At the time we decided to wind down CFC’s business, we considered SFAS 144 – “Accounting for the Impairment or Disposal of Long-Lived Assets”. Paragraph 5(d) of SFAS 144 states that SFAS 144 does not apply to financial instruments. We also considered SOP 01-6 – “Accounting by Certain Entities that Lend to or Finance the Activities of Others, which states that financial instruments held for sale should be reported as “held for sale” on a company’s balance sheet.
Accordingly, at June 30, 2008 due to our decision to sell some of the notes in the fourth quarter of 2008, we classified approximately $3.6 million of those notes (which were subsequently sold in the first quarter of fiscal 2009) as “Customer Notes Receivable held for sale” on our June 30, 2008 balance sheet. Additionally, notwithstanding those sales, CFC continued to hold customer notes evidencing advances by CFC, which totaled approximately $2.1 million at June 30, 2008. Those customer notes were collected by CFC in the ordinary course of business through the second quarter of fiscal 2010 from the customers who were the obligors under those notes.
It is for these reasons that we concluded that CFC’s results of operations should not be classified as discontinued operations.
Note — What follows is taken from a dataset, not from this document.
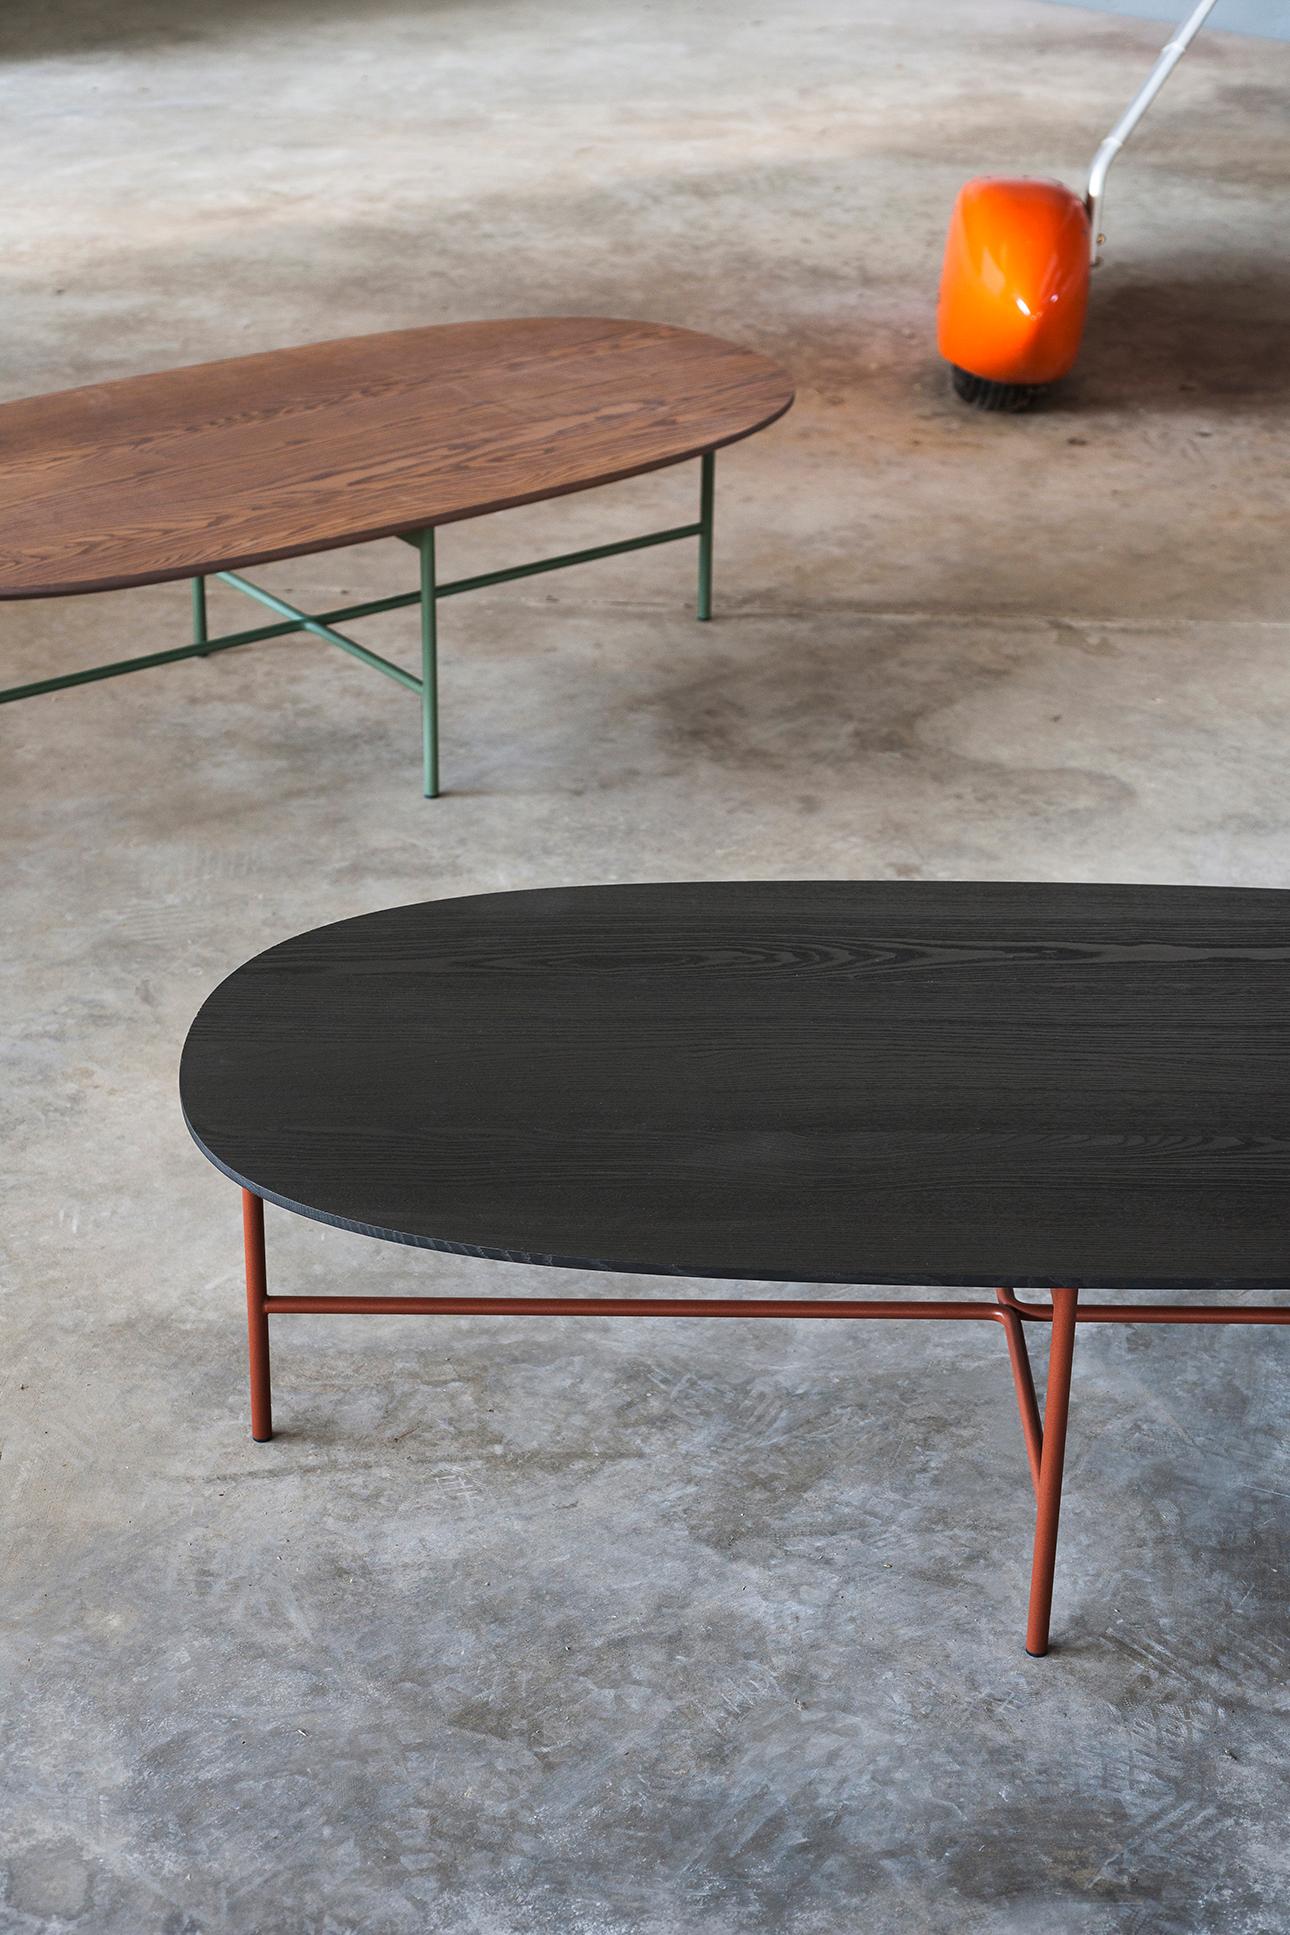 Italian Tacchini Soap Table 130cm in Wood Top with Rust Metal Base by Gordon Guillaumier

Item 9A. Controls and Procedures, page 80
Management's Report on Internal Control over Financial Reporting, page 81
5. | STAFF COMMENT. Please include a statement regarding the omission of an attestation report of your registered public accounting firm regarding internal control over financial reporting in substantially the form prescribed in Item 308T(a)(4) of Regulation S-K. |
Response:
The Company was not required to provide an auditor attestation report for fiscal 2010 due to the passage of The Dodd-Frank Wall Street Reform and Consumer Protection Act (the “Dodd-Frank Act”) which, among other things, provided smaller reporting companies with an immediate and permanent exemption from those auditor attestation requirements.
It was our understanding that Item 308T(a)(4) of Regulation S-K was a temporary exemption for smaller reporting companies and that the requirements of that Item ceased to be applicable to smaller reporting companies because the Dodd Frank Act made that exemption permanent.
However, if and for so long as we continue to be a smaller reporting company, we will include a statement of the type prescribed by Item 308T(a)(4) if and to the extent required to do so.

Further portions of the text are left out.